If I click on the source control icon (or CTRL + SHIFT + G) I can see the files with the changes and can enter a commit message
I then press CTRL + ENTER to commit my change and get this pop-up
As I only have one file and it has all the changes for this commit I click yes. If I had changed more than one file and only wanted to commit a single one at a time I would hover my mouse over the file and click the + to stage my change.
If I make a further change to the notebook and save it, I can see that the source control provider recognises the change but this time the folder the file is in and the file are colour coded brown with an M to show that they have been modified.
Unlike Visual Studio Code, when you then click on the source control icon and click on the change it does not show the differences in the notebook although this works with SQL files.
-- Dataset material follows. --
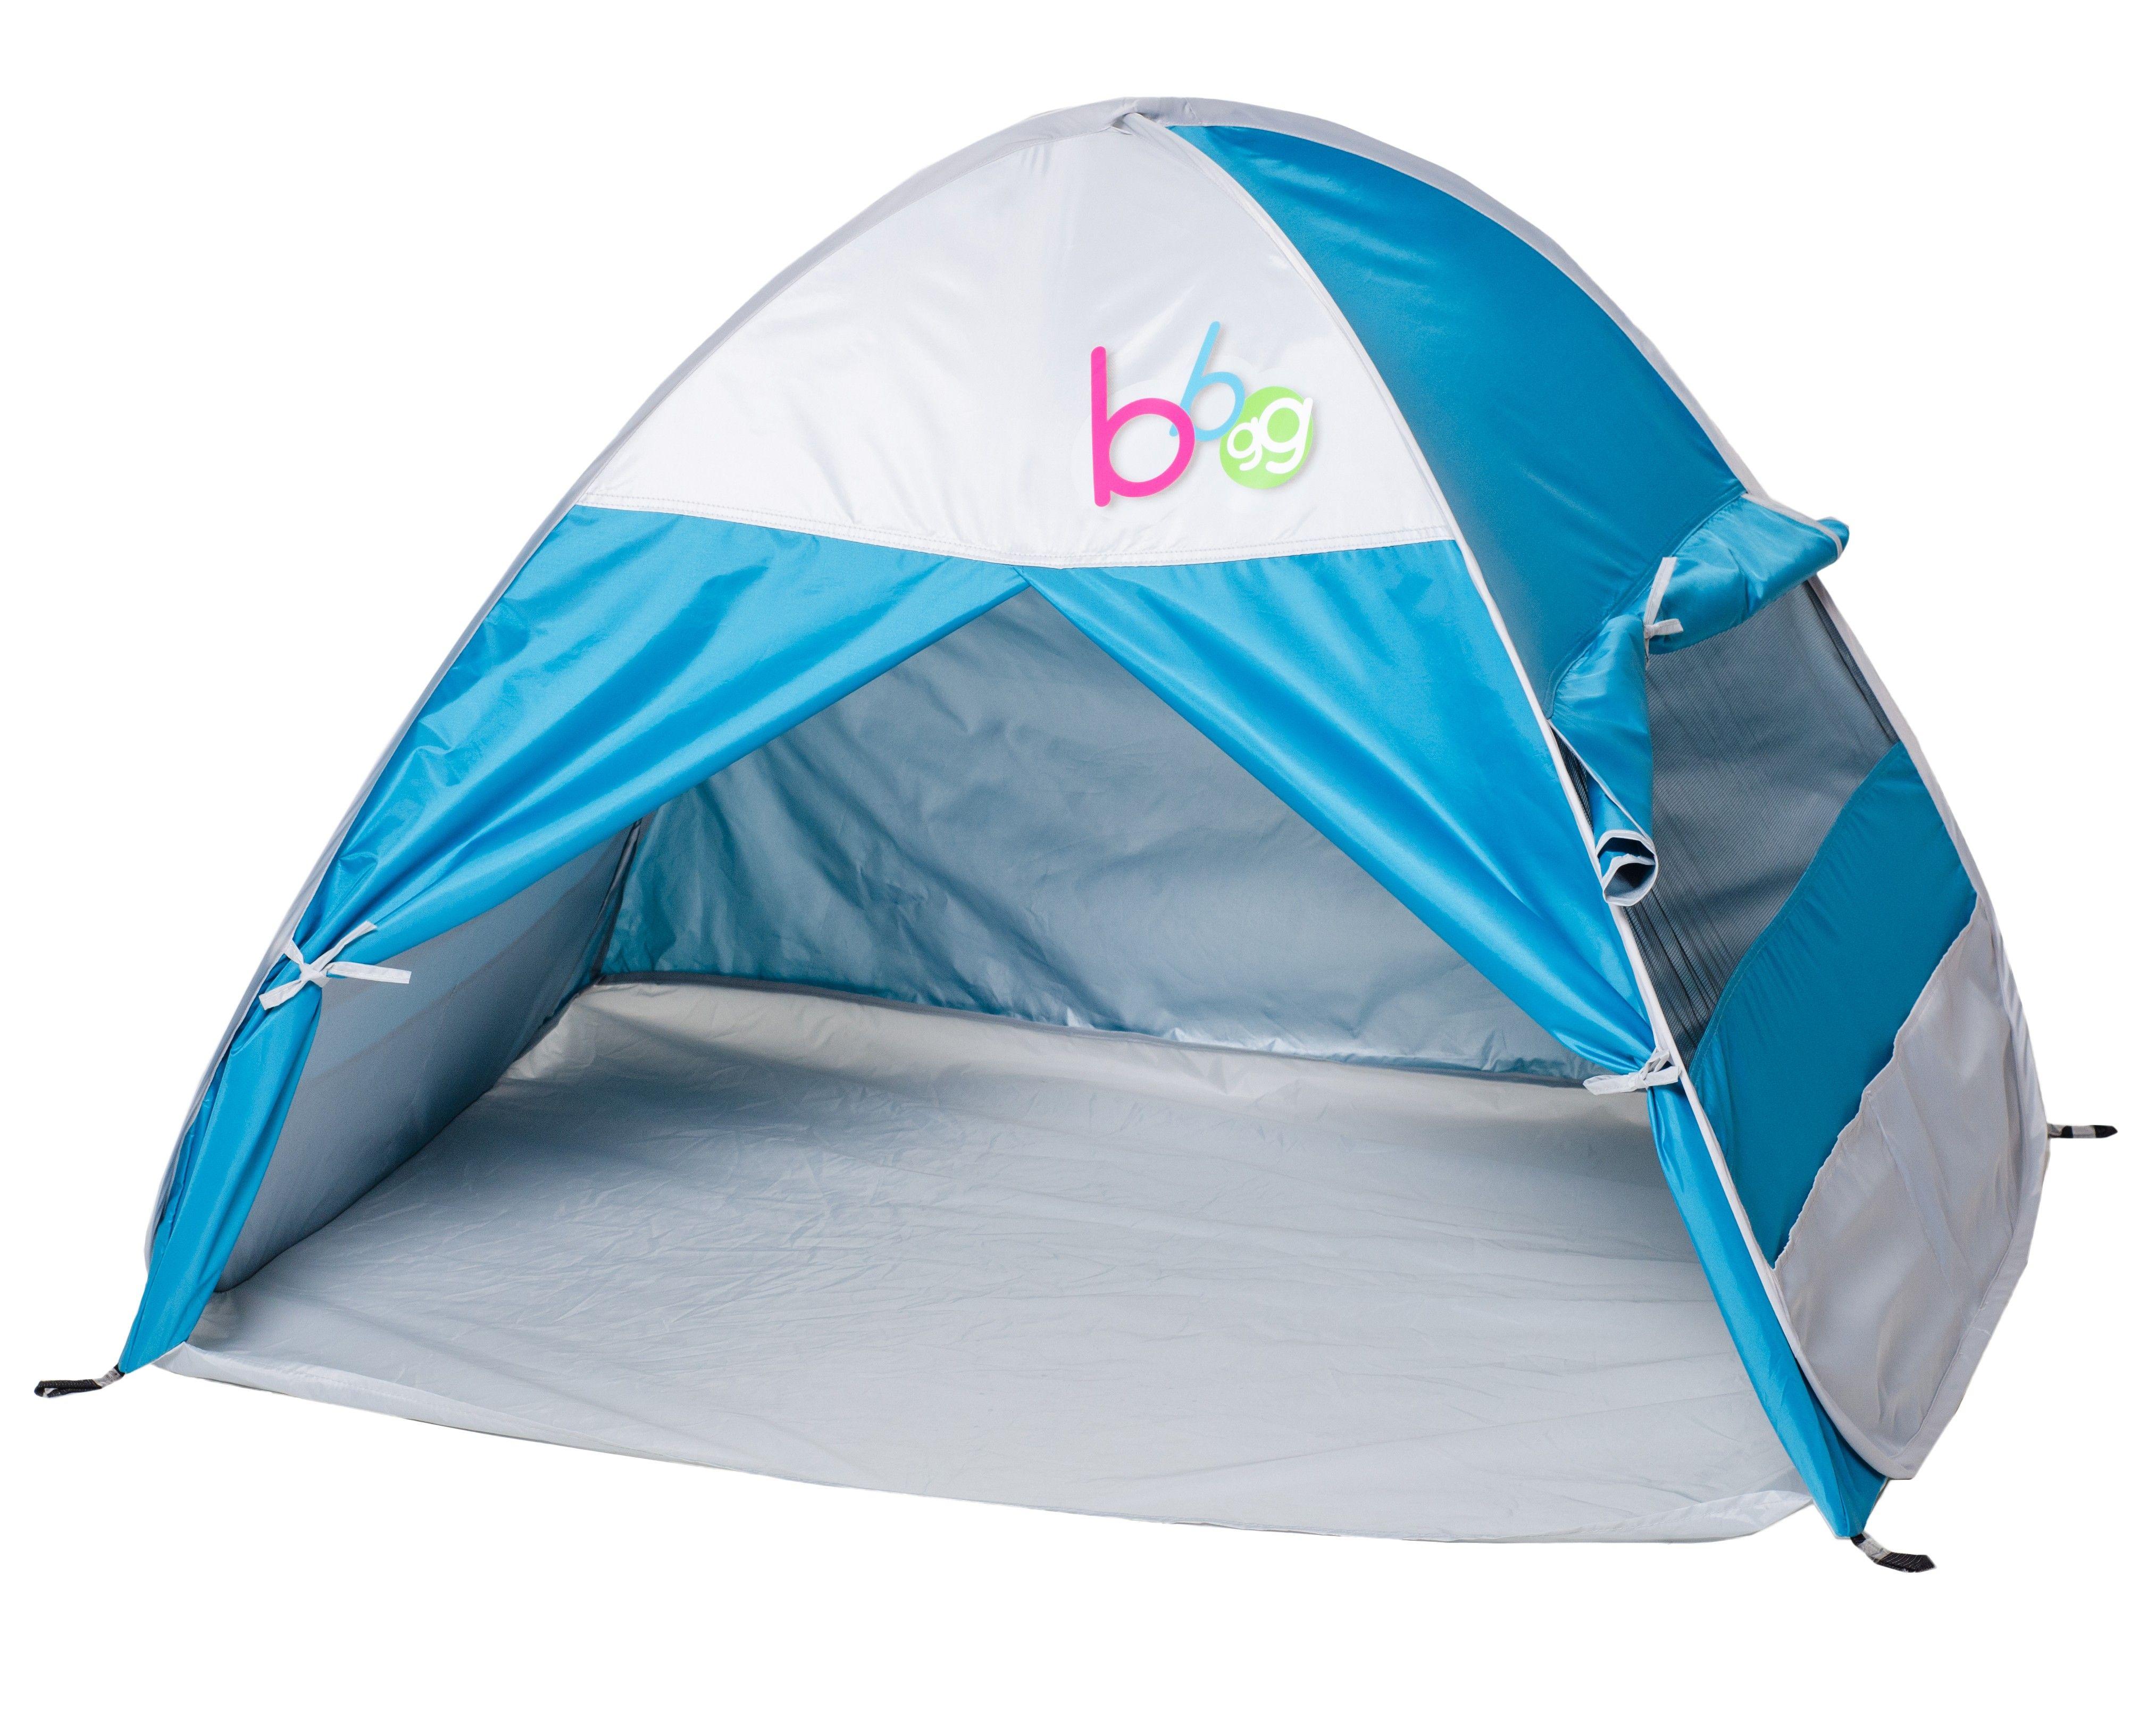 Infant Sun Cabana Blue Pop Up Beach Shelter Tente Uv The Baby Factory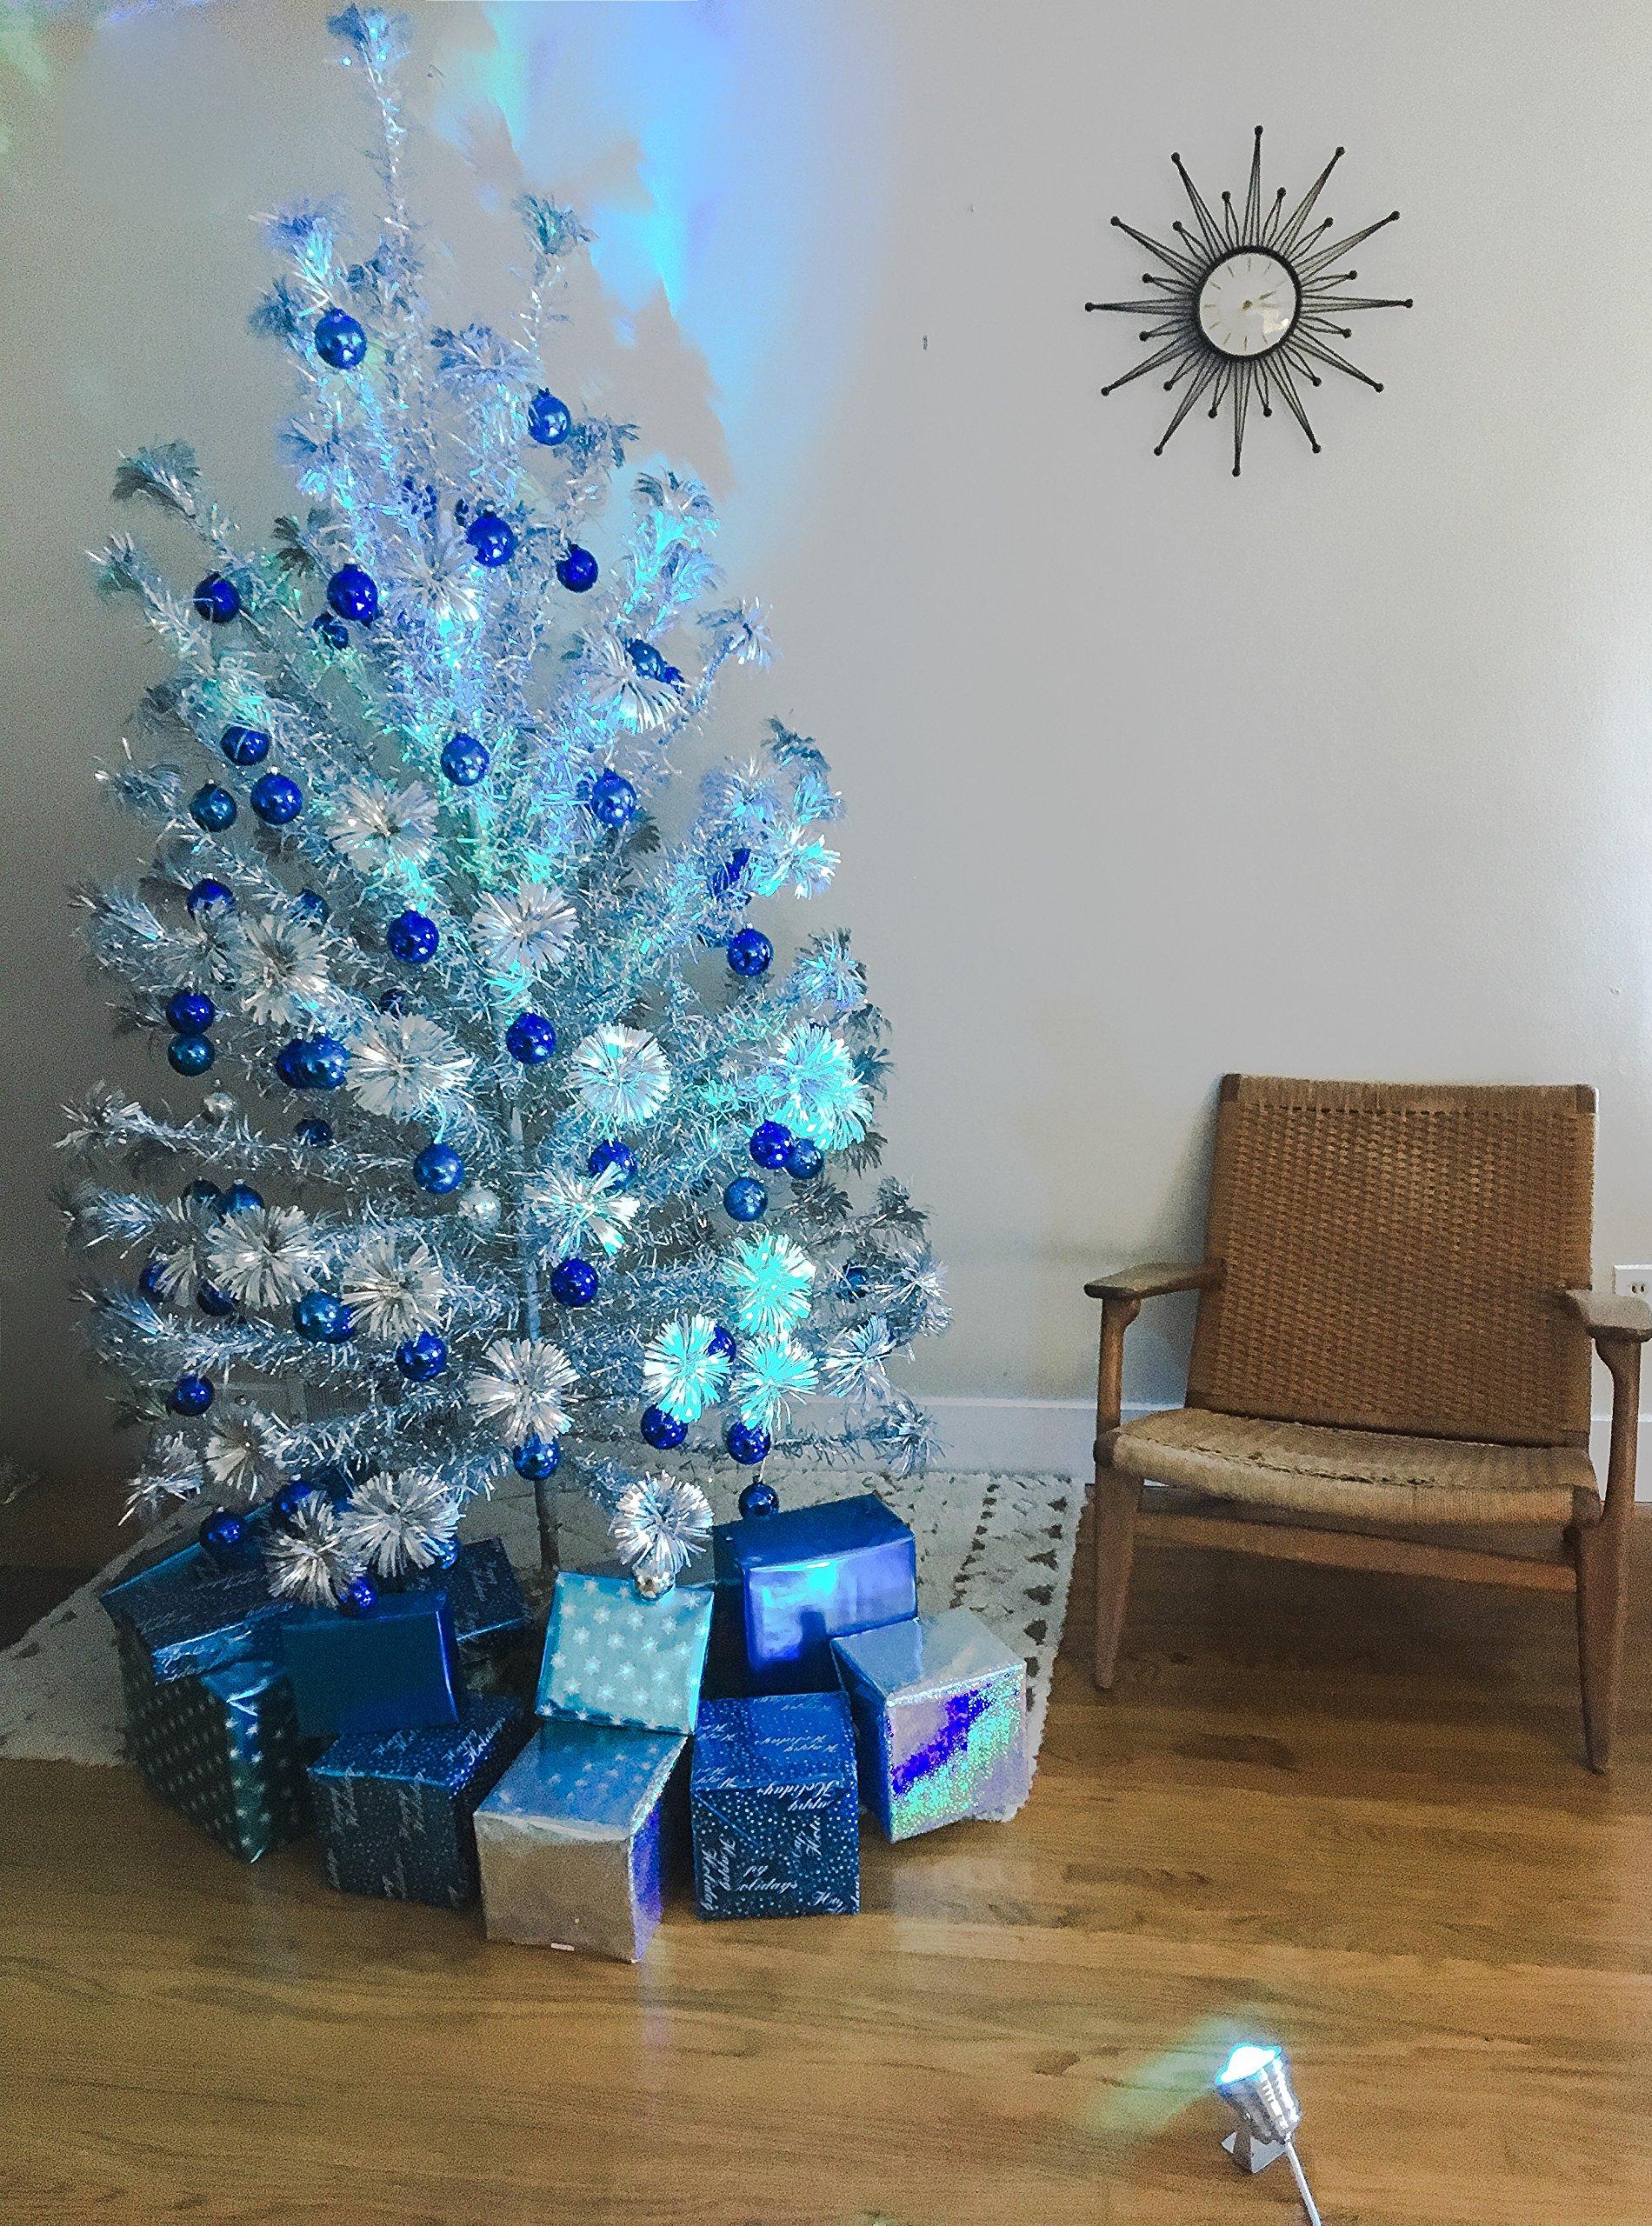 TreeTronics Color Wheel 2.0 – For Vintage Aluminum Christmas Tree - Mid Century Modern – Artificial Retro, MCM XMAS (Silver) by Color Wheel 2.0

When I have made all my changes and committed them with good commit messages
I can see that there are 3 local changes ready to be pushed to by remote repository (GitHub in this case) and 0 remote commits in this branch by looking at the bottom left
I can click on the “roundy roundy” icon (I dont know its proper name 😊) and synchronise my changes. This comes with a pop-up
Personally I never press OK, Don’t Show Again because I like the double check and to think “Is this really what I want to do right now”. Once I press OK my changes will be synched with the remote repository. Explaining this means that you can find the notebook I have used in my Presentations GitHub Repository which means that you can run the Notebook too using the docker-compose file here and the instructions further up in the post.